Di Kopdit Insan Mandiri anggota perempuan adalah 312 orang dari 608 anggota, Kopdit Tirta Raharja 239 orang dari 502 anggota, Kopdit Bali Artha Mandiri 247 orang dari 459 orang, KSP Bhuana Kasih 199 orang dari 443 anggota, Kopdit Thabira 163 orang dari 413 anggota, Kopdit Artha Mandiri 154 orang dari 390 anggota, Kopdit Setia Kawan 153 orang dari 388 orang, KSU Kasih Abadi Palasari 183 orang dari 346 anggota, Kopdit Padang Asri 85 orang dari 206 orang, Kopkar Kosayu 94 orang dari 190 anggota dan CU St.Dominikus 23 orang dari 81 anggota. Jumlah anggota perempuan di primer-primer anggota Puskopdit BAG adalah 9.304 orang dari 20.099 anggota.
Data ini adalah laporan primer-primer pada akhir tahun buku 2010 yakni akhir Desember 2010. Diperkirakan, jumlah anggota perempuan mengalami pertumbuhan pada tahun buku 2011 yang sedang berjalan ini.Data ini mau memperlihatkan bahwa perempuan cukup aktif dalam gerakan koperasi.
Di sejumlah negara di Asia, peran perempuan dalam pengembangan koperasi cukup dominan. Misalnya para perempuan di Bangladesh. Negara ini terkenal dengan gerakan koperasi yang menjadikan mitra Grameen Bank memberikan pinjaman tanpa jaminan barang. Grameen Bank mendapat pujian banyak pihak termasuk dari Bank Dunia karena pinjaman yang diberikan tanpa agunan barang.
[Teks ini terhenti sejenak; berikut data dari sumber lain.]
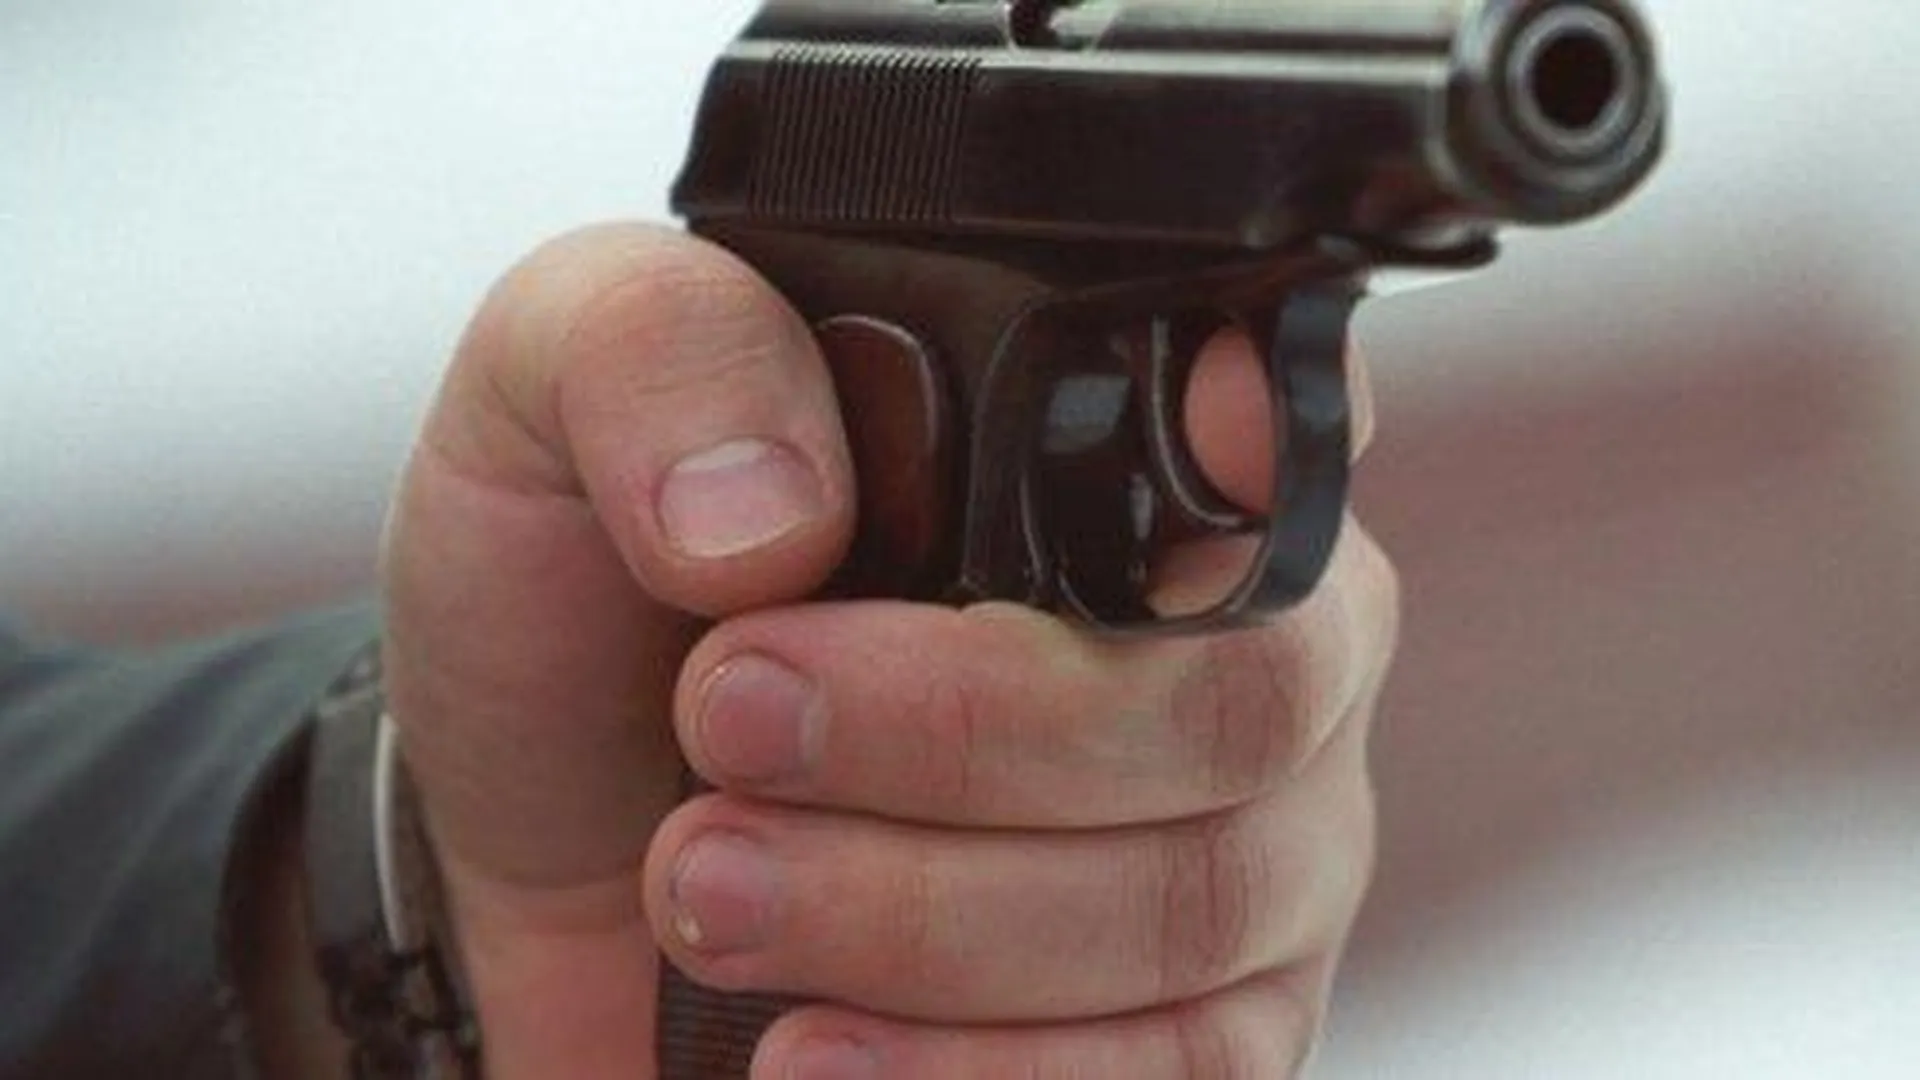 Юрист Полищук предупредила о последствиях владения пистолетом‑зажигалкой

Pinjaman diberikan Grameen Bank dalam kelompok-kelompok kecil. Bila satu anggota mendapat kredit, anggota yang lain memberikan jaminan bahwa orang itu dapat membayar kembali. Jaminan diberikan atas dasar semangat kebersamaan. Dan tulang punggung dari kelompok-kelompok yang mendapat pinjaman dari Grameen Bank tanpa agunan itu adalah para wanita atau ibu-ibu. Selain itu, para ibu di sanajuga membentuk bank-bank desa milik koperasi-koperasi yang tersebar di berbagai daerah. Bank-bank koperasi di Bangladesh saat ini praktis dipimpin oleh para ibu yang mempunyai pengalaman berkoperasi secara cukup matang.
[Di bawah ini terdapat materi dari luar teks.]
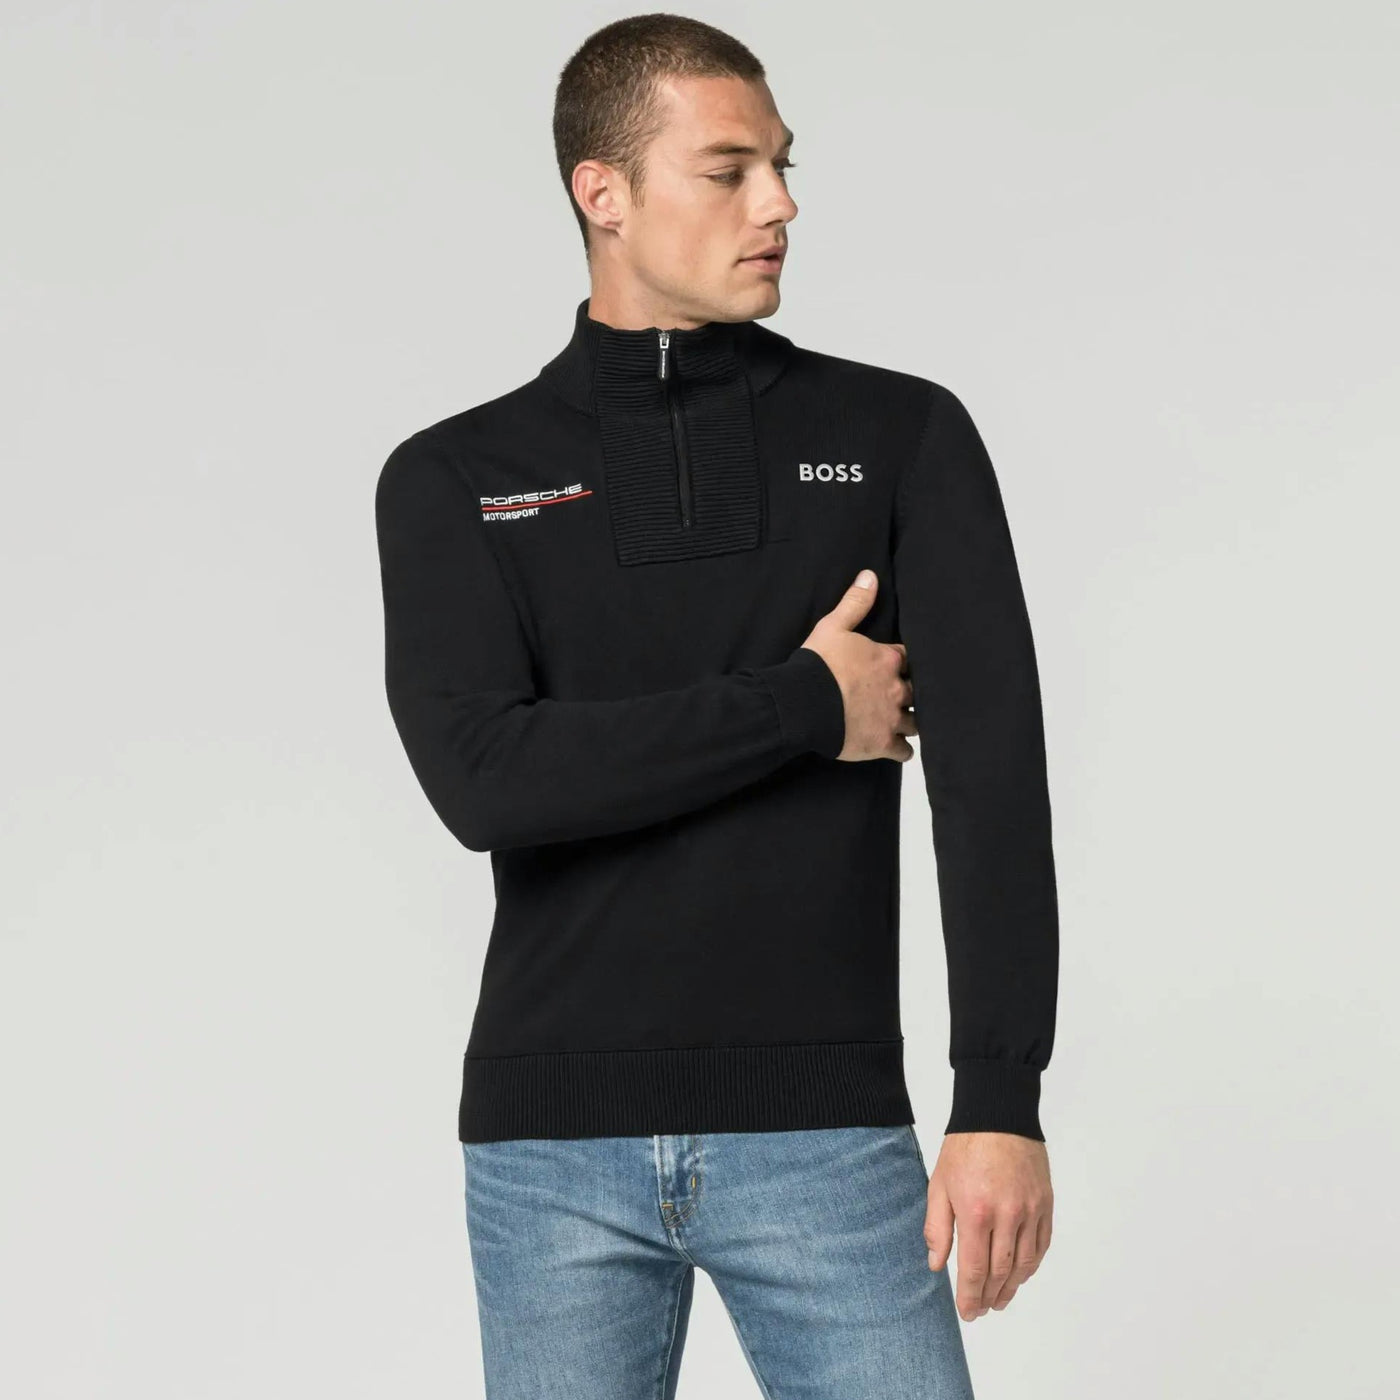 Porsche Men's Knitted Sweater - Motorsport, Boss

Apa yang dikemukakan ini bisa menjadi bahan refleksi bagi para pengurus koperasi untuk tak segan-segan memberikan peran kepada perempuan mengelola koperasi. Fakta di Indonesia, juga di Bali, NTB dan NTT menunjukkan bahwa koperasi-koperasi yang dikelola oleh perempuan jauh lebih berkembang dan sehat dibandingkan dengan koperasi-koperasi yang dikelola oleh kaum laki-laki. Mengapa koperasi yang manajemennya dipercayakan kepada perempuan lebih berhasil? Simak pendapat Menteri Negara Koperasi UKM RI dan Kepala Bidang Bina Lembaga Dinas Koperasi UKM Provinsi Bali dalam tulisan di halaman lain edisi ini.
Lebih Disiplin
Menteri Koperasi dan UKM Syarif Hasan memuji peran perempuan di bidang koperasi. Apalagi, mayoritas koperasi yang sukses, pengurusnya adalah perempuan. Menurut Syarif, itu dikarenakan perempuan lebih disiplin, pintar, efektif, dan efesien.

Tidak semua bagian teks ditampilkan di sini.